To sincerely paraphrase Stevie Nicks: O, Deutschland. You are the poet in my heart. Never change, never stop.

Gallery: Sachsenhausen Concentration Camp

I opted to do this alone. I don’t really have anything I could possibly say to make the gravity and horror of a concentration camp make sense to anyone who hasn’t been to one. It doesn’t even make sense once you’ve been to one. This place is an unholy despair factory designed by sadistic brilliance. And right now I am sitting at a mass grave, in pleasant neighborhood listening to the autobahn and the blackbirds whir and chirp in the background. They built the modern police training barracks next to the camp. As a warning. This is what happens when authority goes unchecked and brutality takes the place of protection. This is a terrible place filled with the memories of terrible acts that illustrate how far that can go in the blink of an eye.
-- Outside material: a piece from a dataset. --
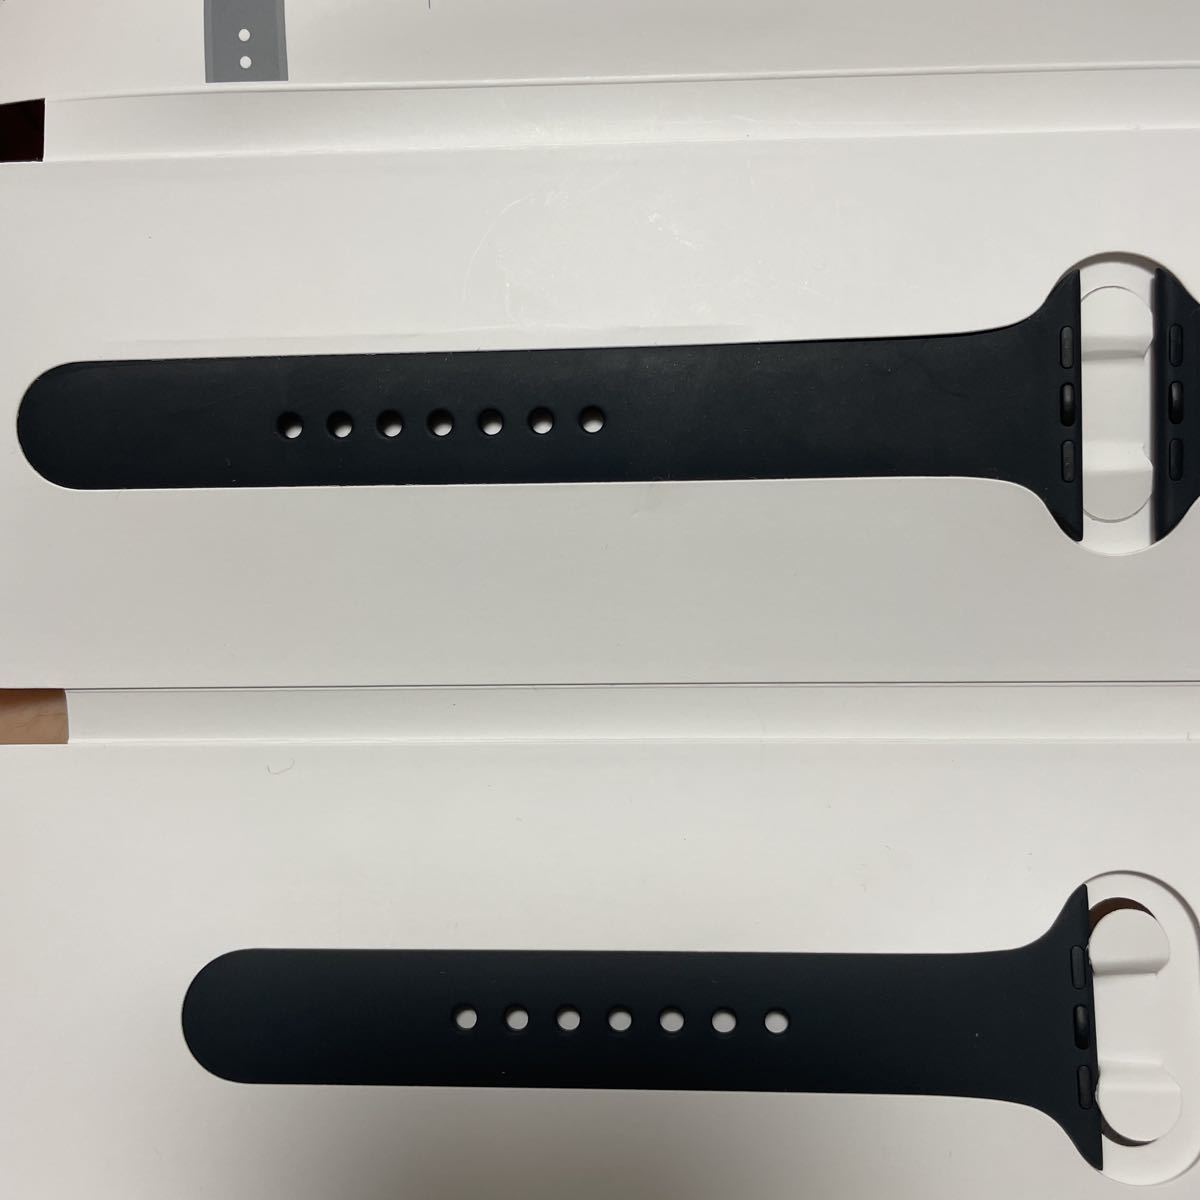 Apple Watch SE アップルウォッチ SE GPSモデル 44mm スペースグレイ アルミニウムケース ブラックスポーツバンド 美品

This trip to the concentration camp has left me feeling pretty fragile inside. It was so much worse than I imagined it would be. It isn’t the same as reading about it. It’s so much more visceral standing where tens of thousands experienced cruelty and pain none of us will ever know. I genuinely loathe the idea of people suffering such unimaginable atrocities, to the point where I can’t shake it. I always assumed this was normal, but after watching people runaround the camp with their selfie sticks and then talk about where to go for lunch on the bus afterward, I don’t know anymore. I felt sick and horrible the whole time, like there was a stench in the air but you couldn’t smell it. I had to force myself to take pictures because I knew I would regret not documenting it. I sat for a really long time at the mass grave and didn’t even realize there were tears in my eyes. Is it stupid to get that emotionally worked up about anonymous people who died 70 years ago? I don’t think so. Someone has to mourn them, and anyone who remembers them is most likely dead by now.